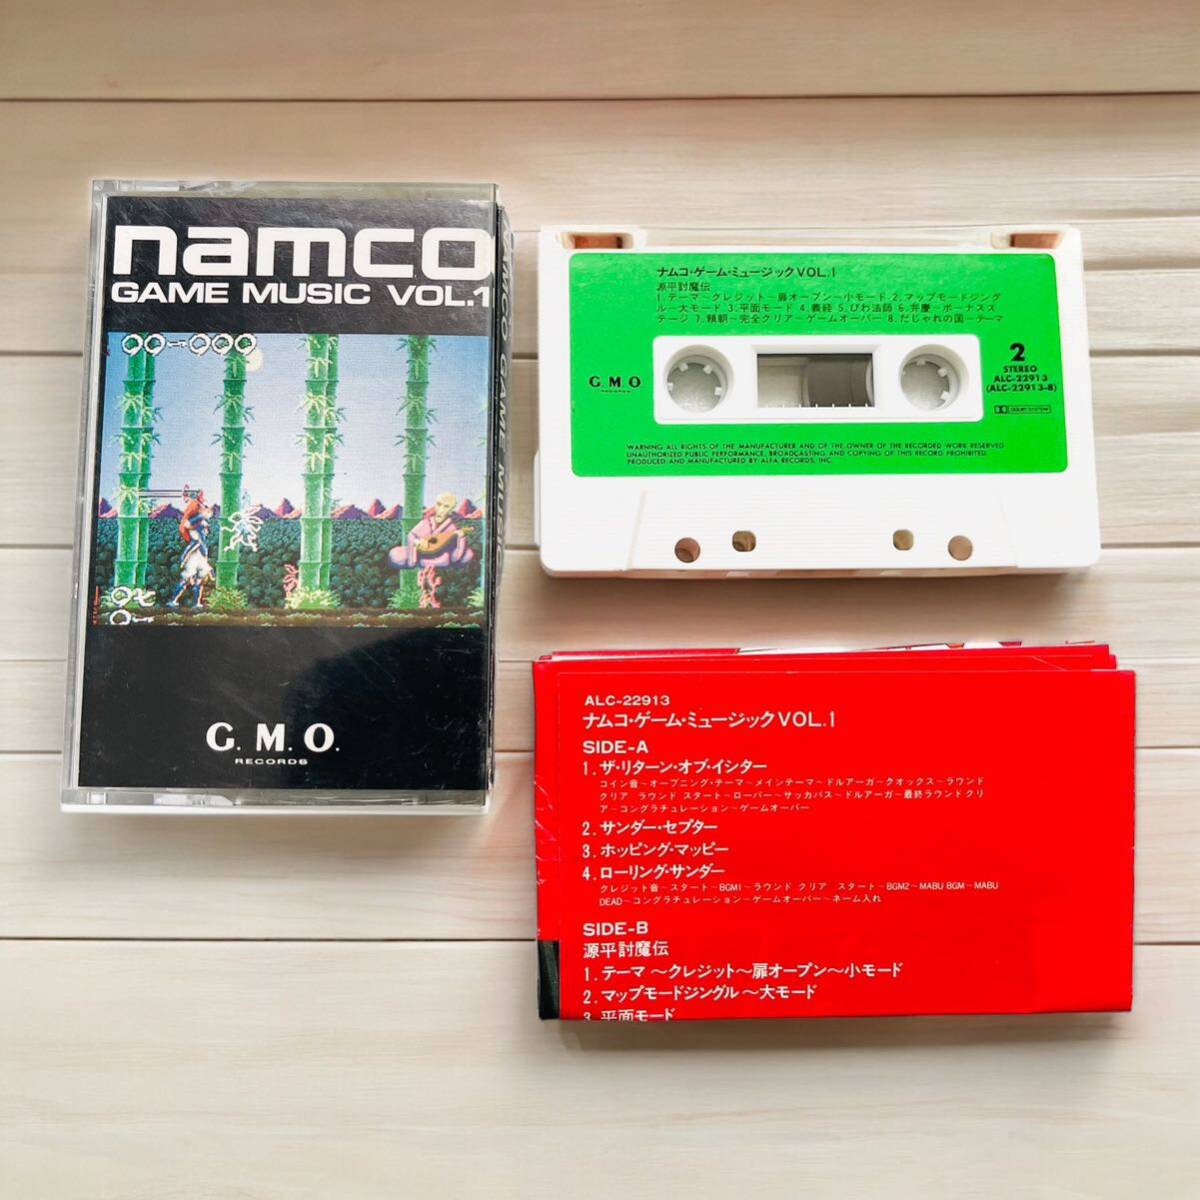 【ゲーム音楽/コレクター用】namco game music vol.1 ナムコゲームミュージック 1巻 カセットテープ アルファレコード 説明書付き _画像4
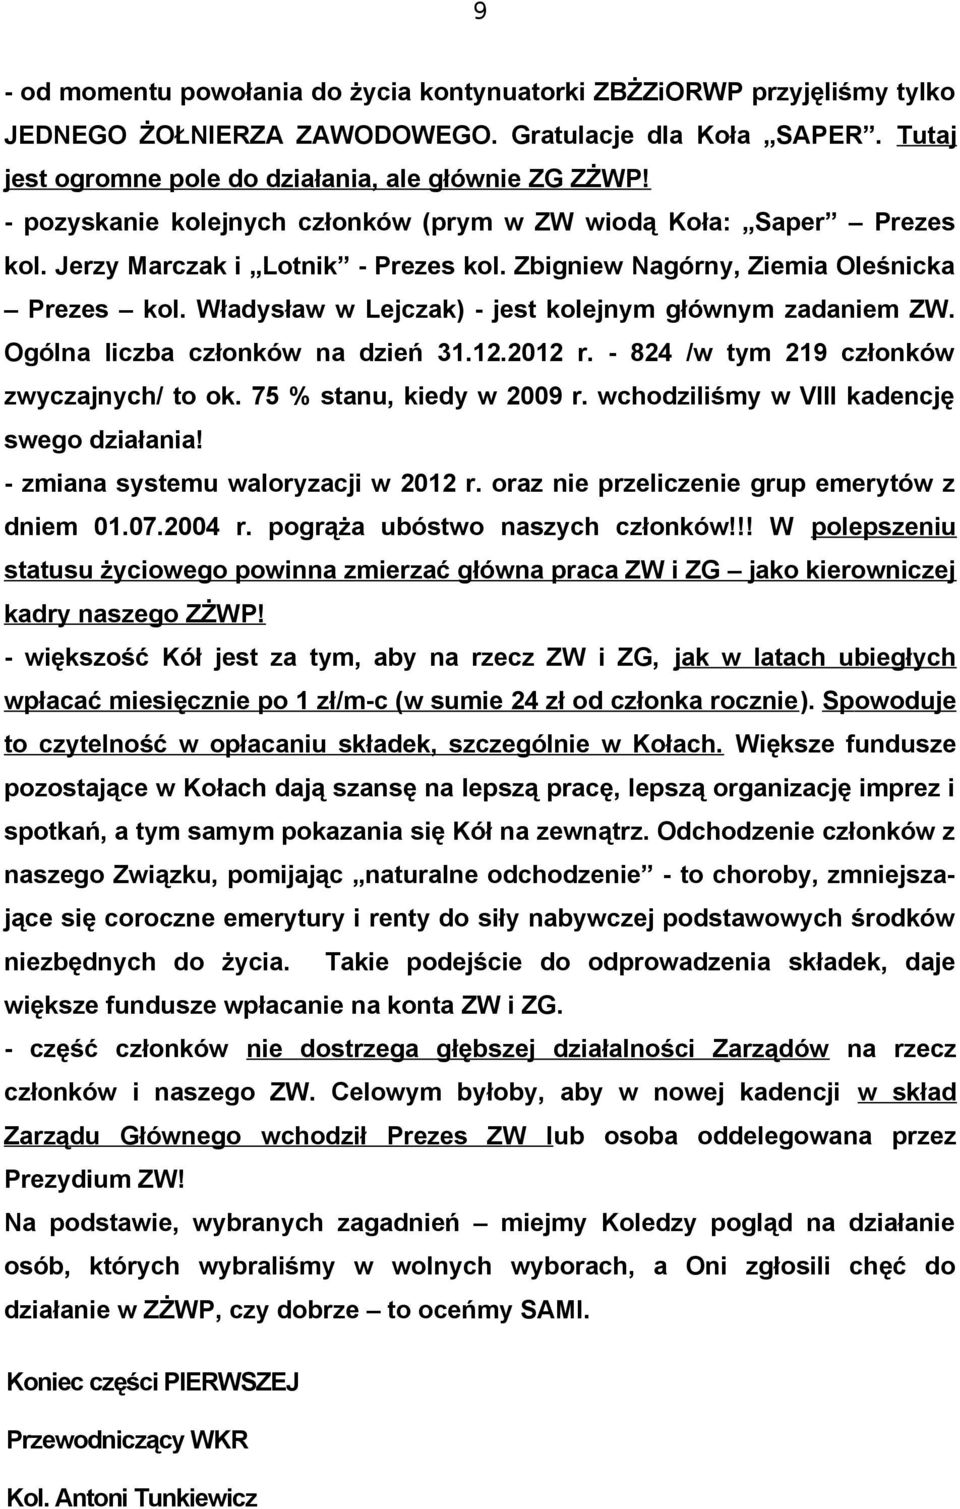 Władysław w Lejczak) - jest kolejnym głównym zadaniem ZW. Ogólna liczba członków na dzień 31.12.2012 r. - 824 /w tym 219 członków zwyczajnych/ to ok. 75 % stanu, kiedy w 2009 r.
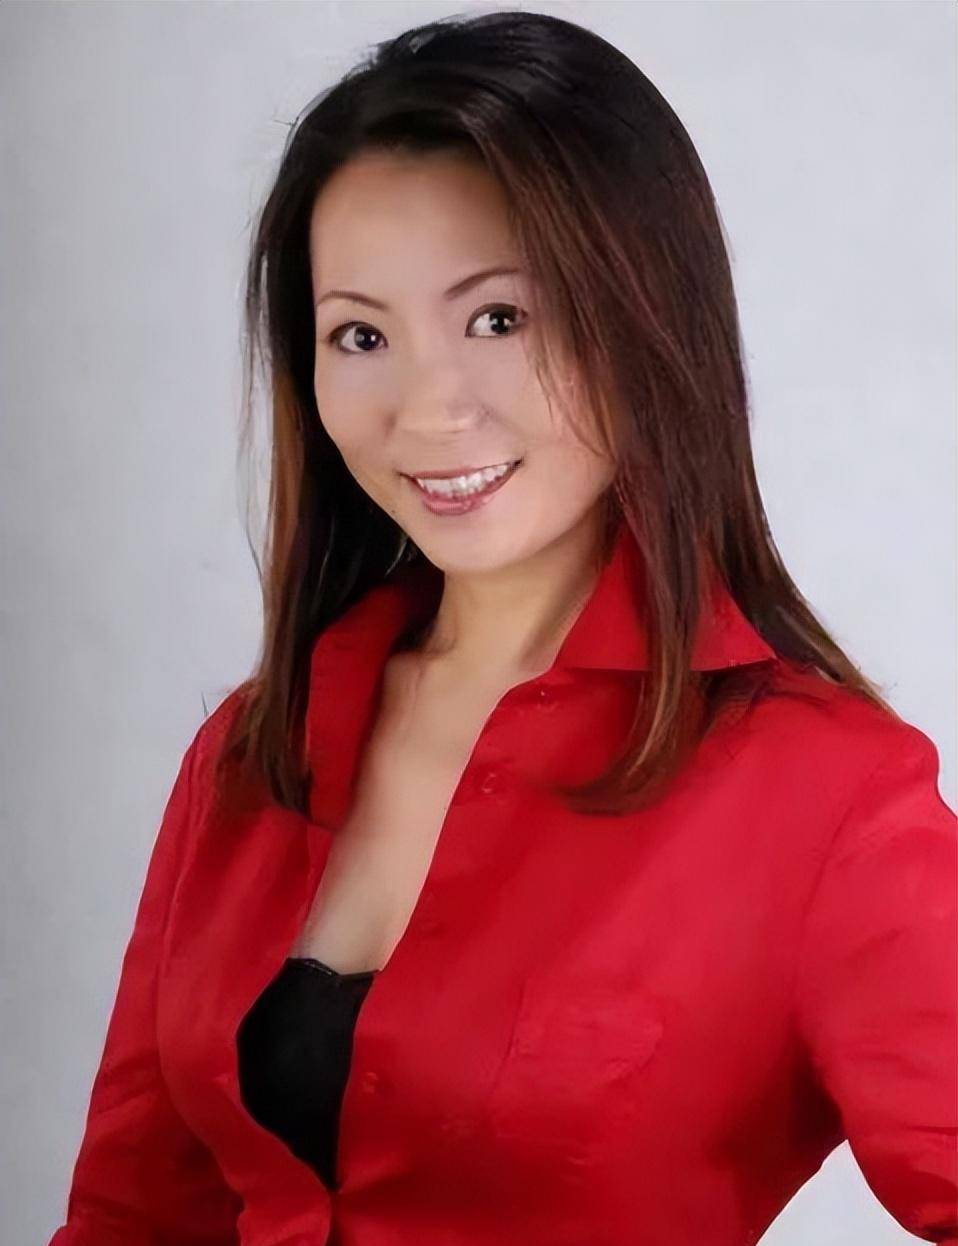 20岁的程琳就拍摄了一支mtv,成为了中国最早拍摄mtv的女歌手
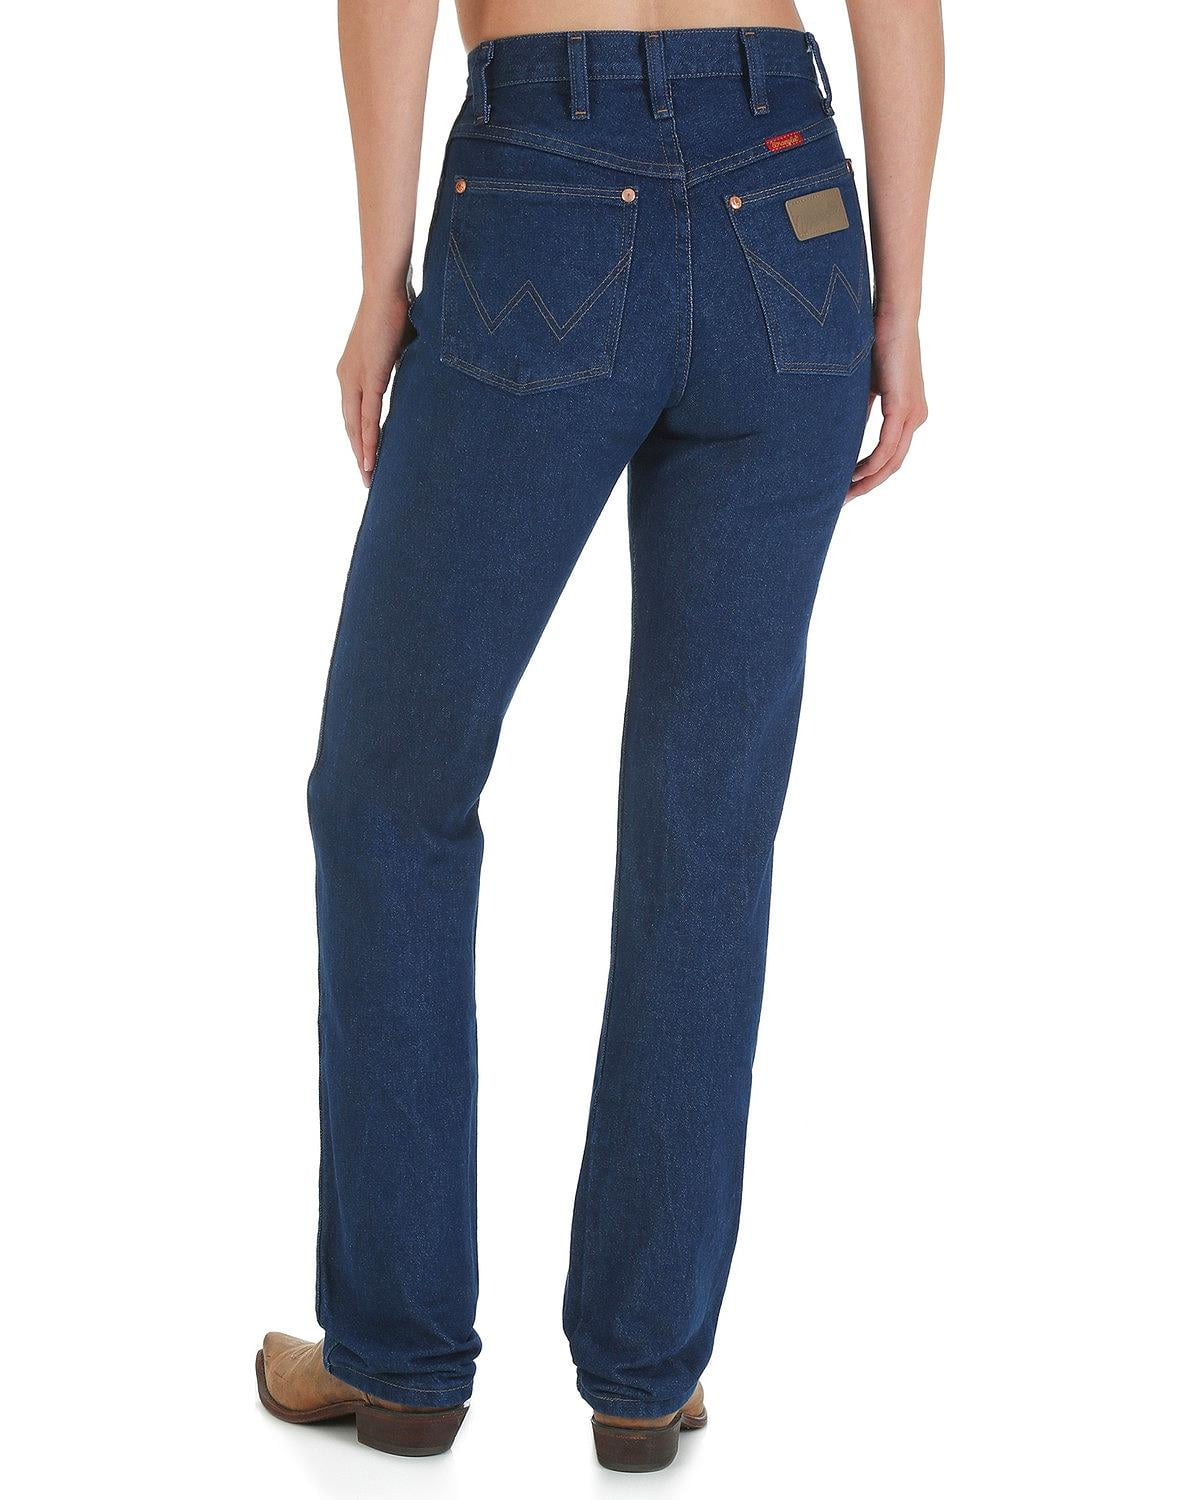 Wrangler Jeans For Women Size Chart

*Work to complete*: When you write out the material, keep every line exact and leave out each picture.

*Response box*:
 【ゲーム音楽/コレクター用】namco game music vol.1 ナムコゲームミュージック 1巻 カセットテープ アルファレコード 説明書付き _画像4
 Władysław w Lejczak) - jest kolejnym głównym zadaniem ZW. Ogólna liczba członków na dzień 31.12.2012 r. - 824 /w tym 219 członków zwyczajnych/ to ok. 75 % stanu, kiedy w 2009 r.
 20岁的程琳就拍摄了一支mtv,成为了中国最早拍摄mtv的女歌手
 Wrangler Jeans For Women Size Chart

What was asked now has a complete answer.